L’exemple du coup d’Etat turc
En effet, une tentative de coup d’État en Turquie a eu lieu dans la nuit du 15 au 16 juillet 2016 principalement à Ankara et Istanbul. Elle a été commanditée par un « Conseil de la paix dans le pays », une faction des Forces armées turques que le gouvernement turc accuse d’être liée à Fethullah Gülen. La tentative s’est soldée par un échec et le dernier bilan officiel fait état de plus de 290 morts et 1 440 civils blessés.
Entre temps, dans une allocution à la télévision CNN Türk diffusée via l’application de visioconférence FaceTime, Erdoğan dénonce le « soulèvement d’une minorité au sein de l’armée » et appelle les Turcs à descendre dans les rues pour résister à la tentative de coup d’État. Cet appel fut entendu, et des milliers de citoyens ont investi les rues avortant ainsi le complot dans l’œuf.
Dans les jours suivants le putsch, les autorités turques entreprennent une série d’arrestations et de renvois au sein des Forces armées du pays, militaires, gendarmes, dans la police, mais aussi de l’enseignement, de la justice, du secteur de la santé, des médias et du secteur privé.
Suivait une terrible répression. Ainsi, 16 chaînes de télévision accusées d’être proches du mouvement güleniste sont mises hors service et 24 journalistes sont arrêtés. L’état d’urgence est décrété pour une durée de 3 mois et la Turquie annonce qu’elle va temporairement déroger à la Convention européenne des droits de l’homme.

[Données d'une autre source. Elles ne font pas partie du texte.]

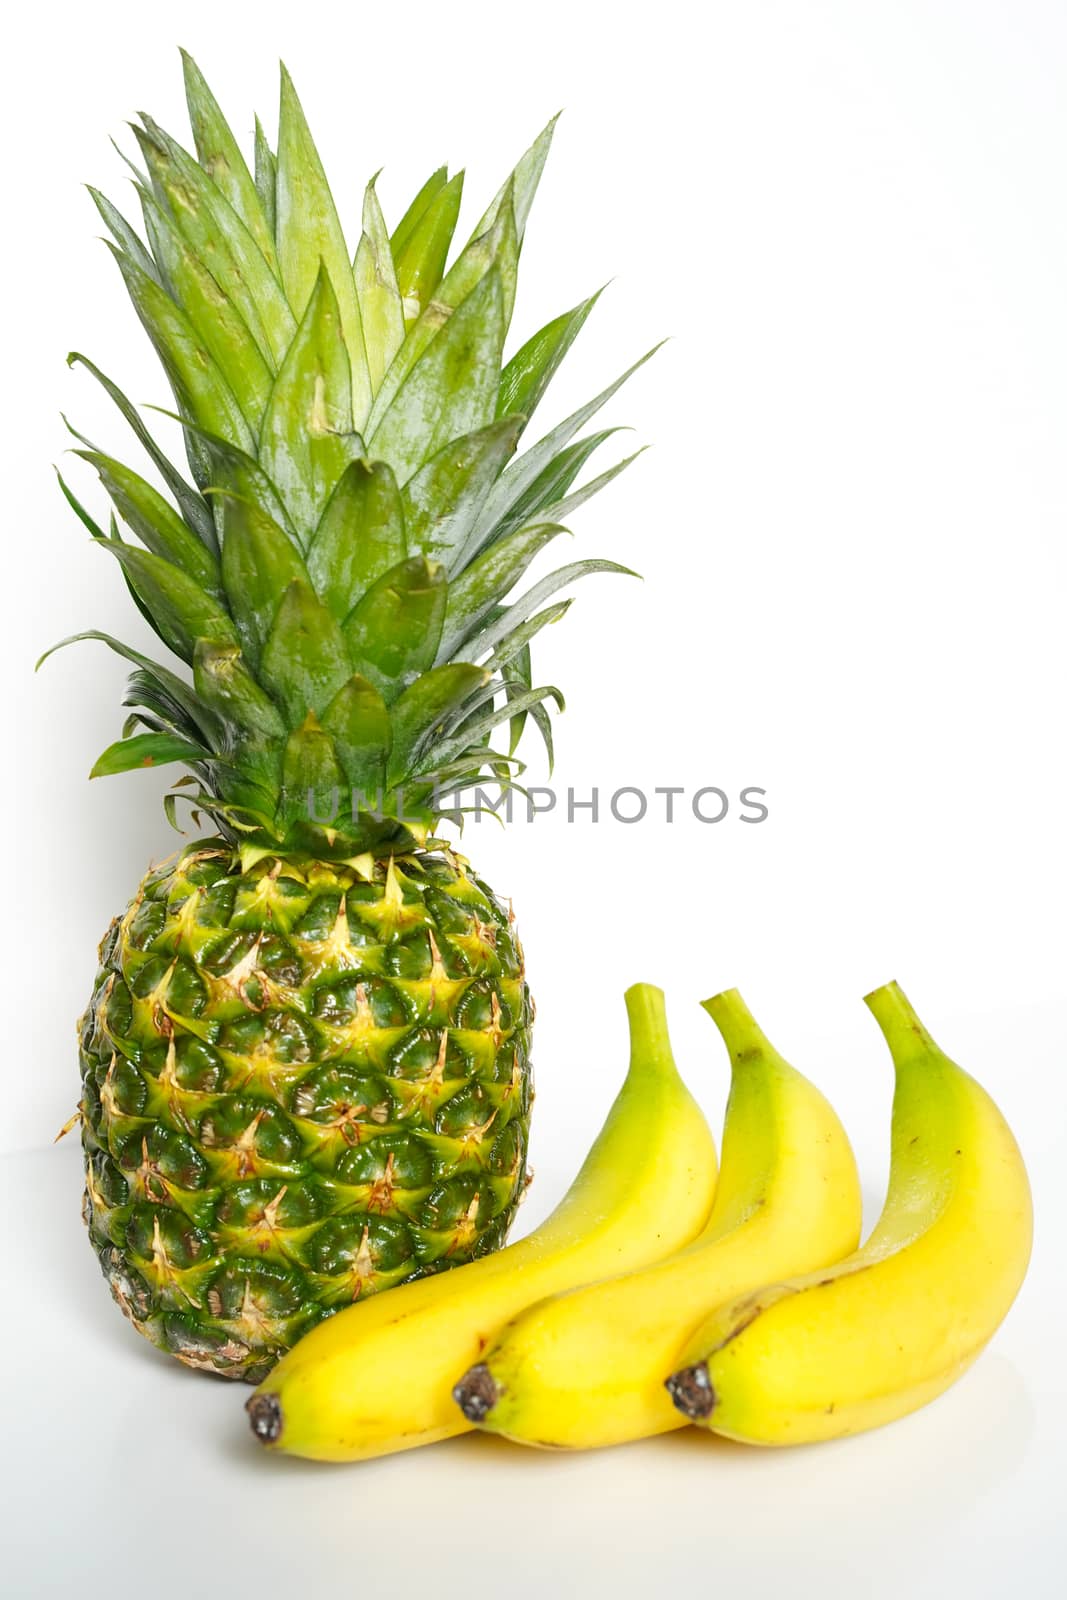 Pineapple and Bananas by samULvisuals

Sachant que la presse internationale n’hésitait pas à accuser le maître d’Ankara d’avoir eu recours à une une « purge à grande échelle » visant à écarter les opposants du président Recep Tayyip Erdoğan des institutions étatiques.
Le déni de Ghannouchi
Enfin, dans un autre registre, le cheikh de Montplaisir a affirmé dans une interview diffusée le 29 juillet 2022 par la chaîne CNN Arabic, que l’utilisation de l’expression « la décennie noire » visait à porter atteinte à l’expérience démocratique en Tunisie. Estimant « qu’Ennahdha n’était pas l’unique responsable de la détérioration de la situation du pays ».
D’après lui, feu Béji Caïd Essebsi et son parti Nidaa Tounes avaient gouverné durant la moitié de la dernière décennie. « Ennahdha ne cherche pas à se dérober de ses responsabilités, mais refuse d’être tenu pour unique responsable ». Malheureusement, ce n’est pas totalement faux.